EXERCISE REQUIREMENTS:
Taking only the lines of the data below from the line with "Fire Colors and" to the line with "Funny T-shirts - With", ends included, write them out exactly and without pictures.

PROVIDED RECORDS:
------------------------------------------------

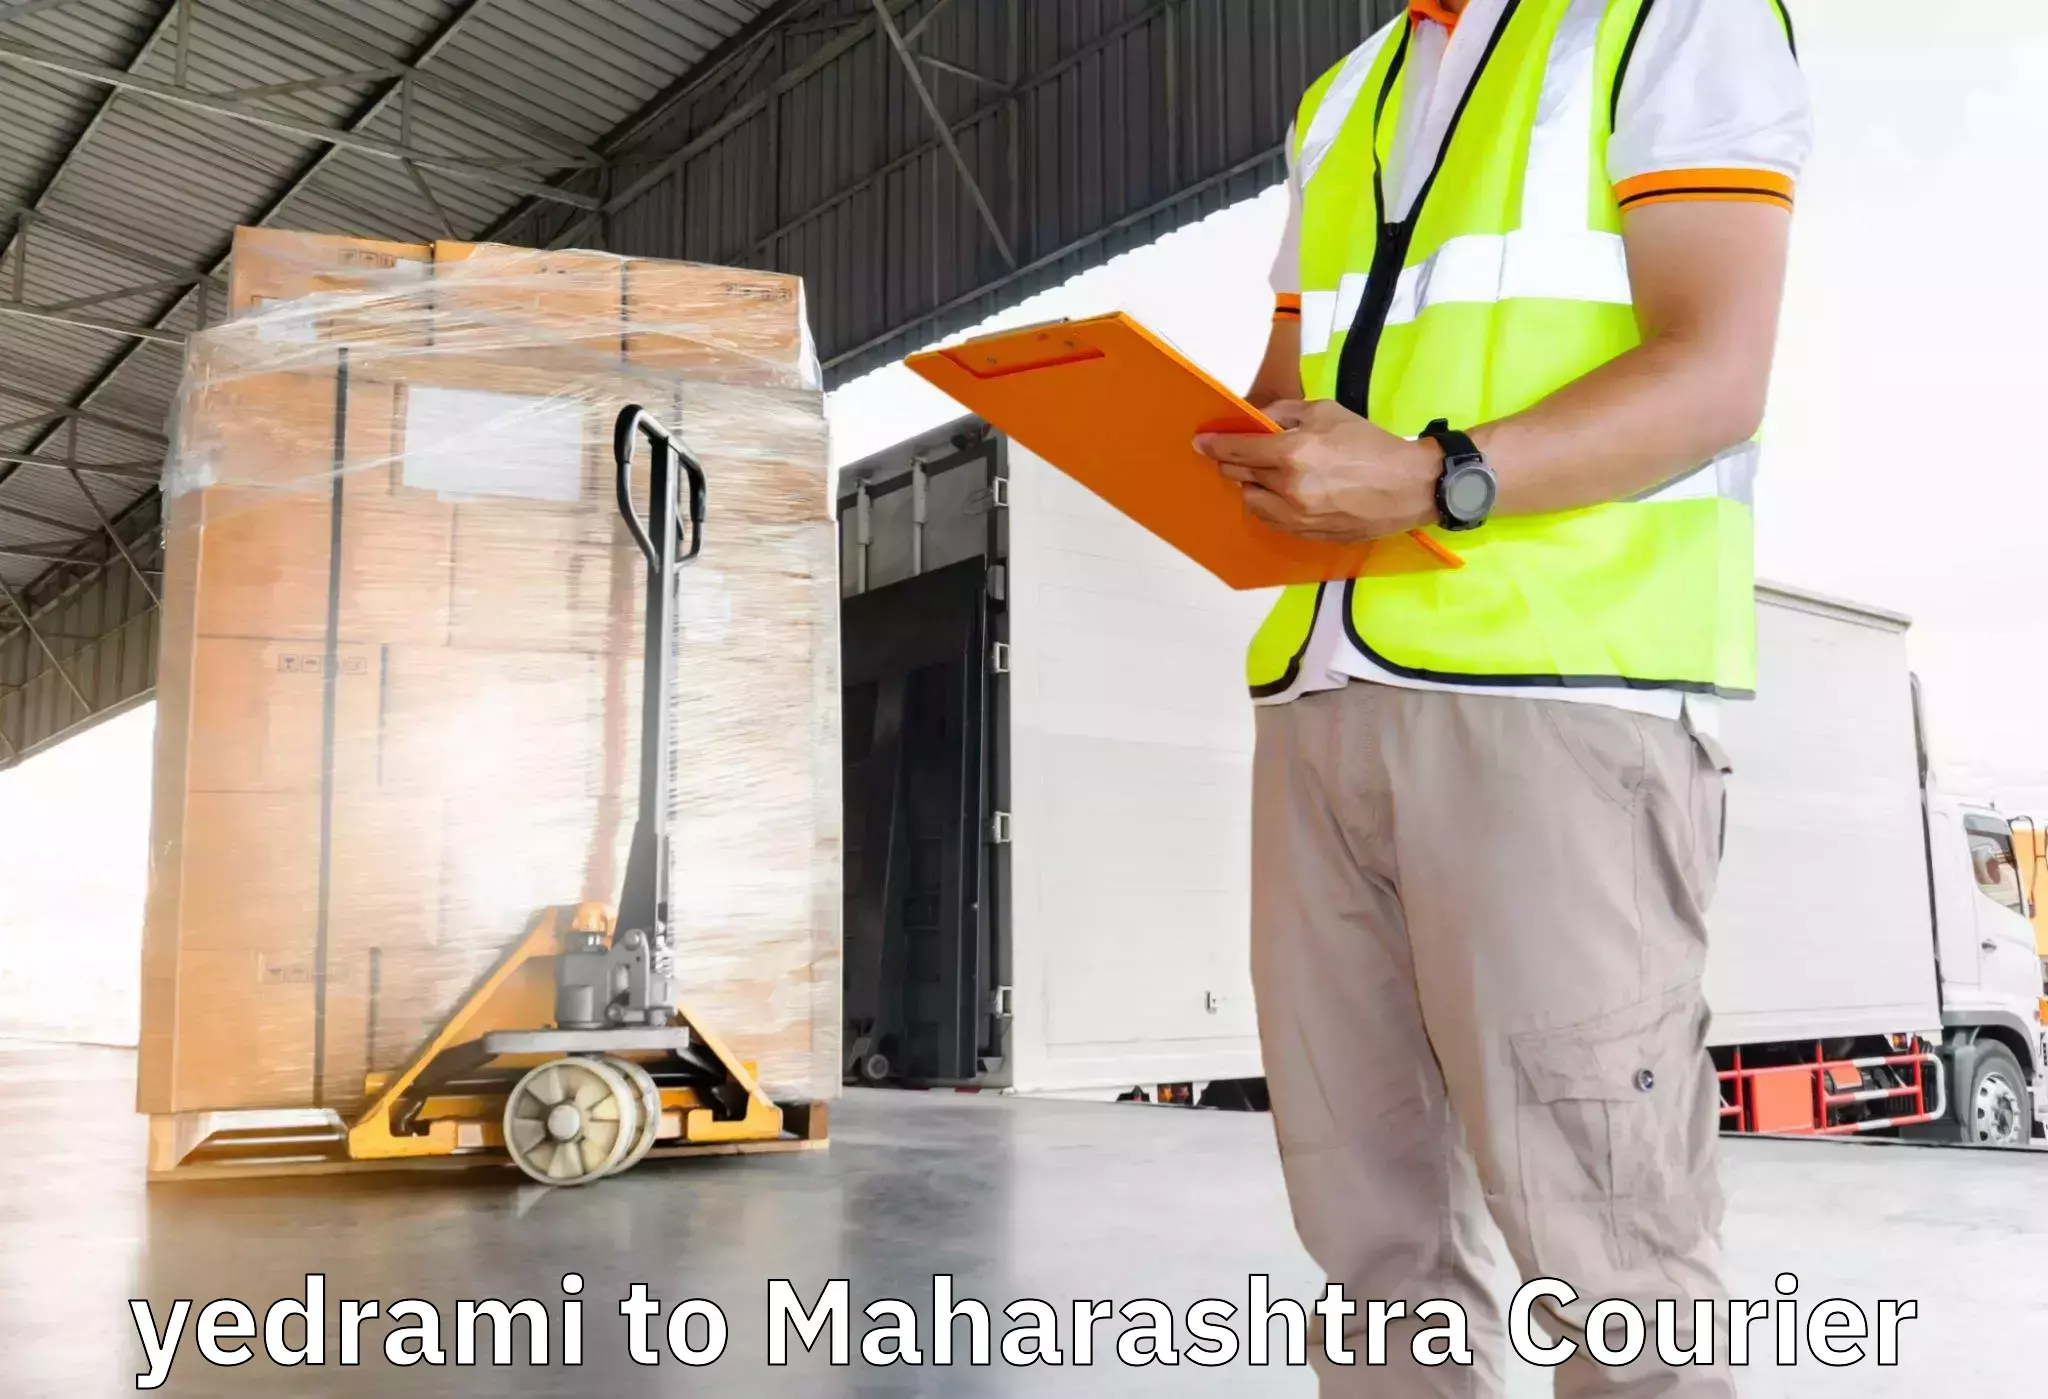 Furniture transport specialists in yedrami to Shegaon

------------------------------------------------

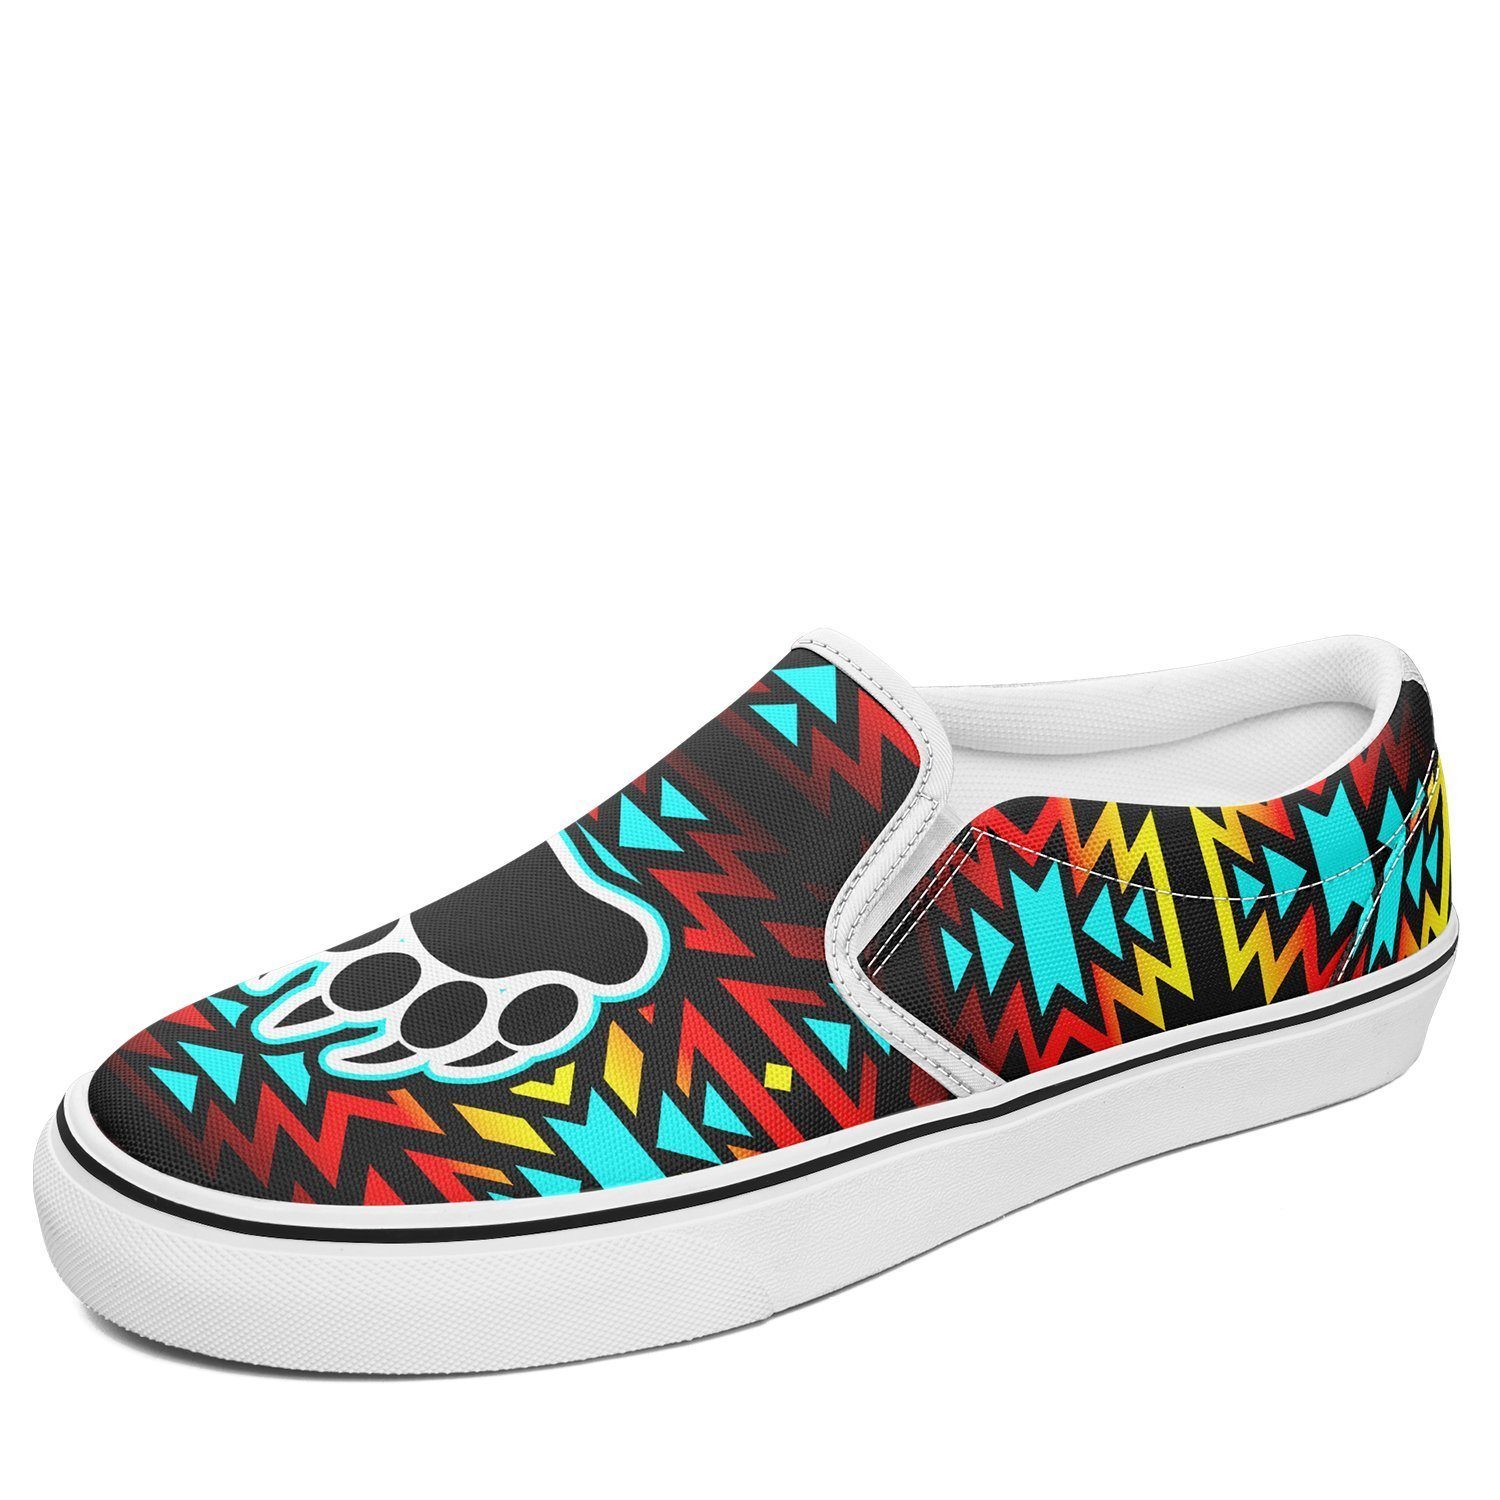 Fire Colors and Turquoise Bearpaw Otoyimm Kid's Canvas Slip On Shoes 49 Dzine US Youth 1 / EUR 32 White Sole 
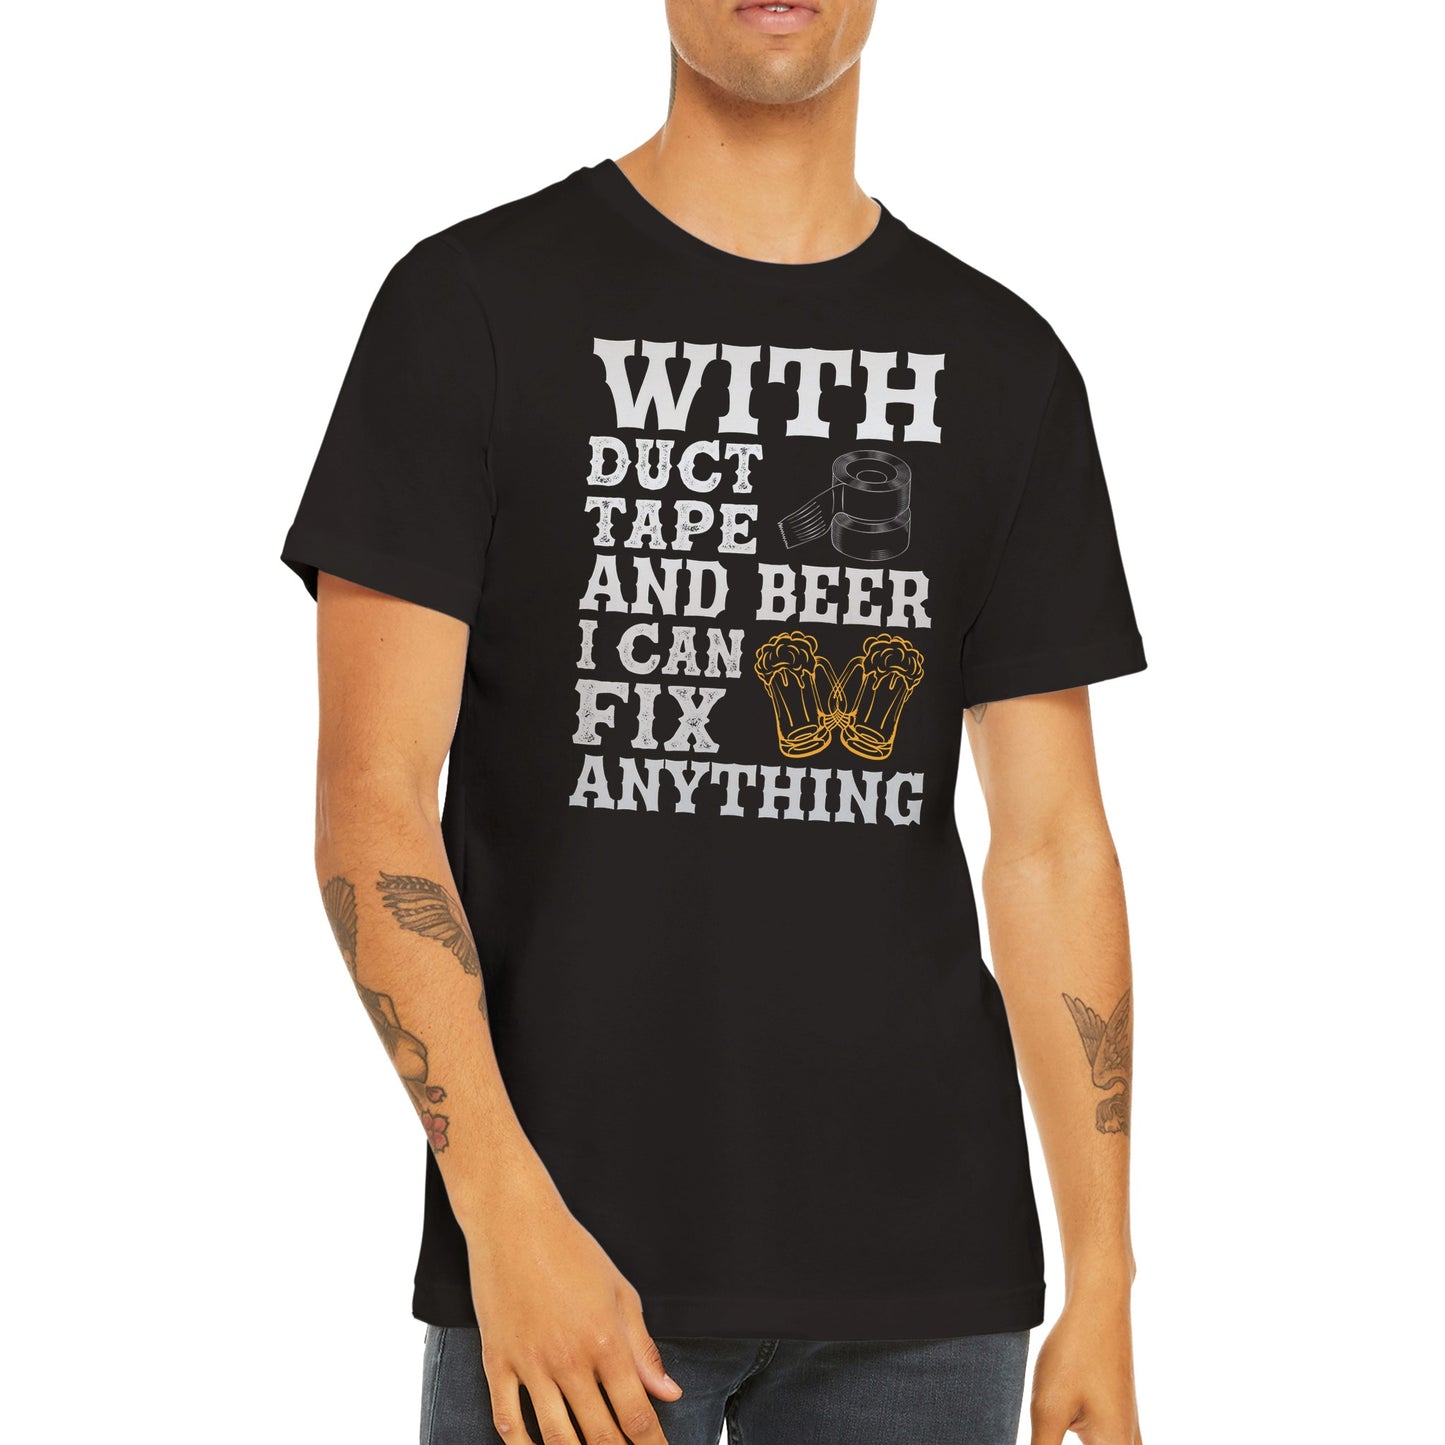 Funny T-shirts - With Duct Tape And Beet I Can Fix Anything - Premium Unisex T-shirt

------------------------------------------------

RESPONSE AREA:
 Fire Colors and Turquoise Bearpaw Otoyimm Kid's Canvas Slip On Shoes 49 Dzine US Youth 1 / EUR 32 White Sole 
 Funny T-shirts - With Duct Tape And Beet I Can Fix Anything - Premium Unisex T-shirt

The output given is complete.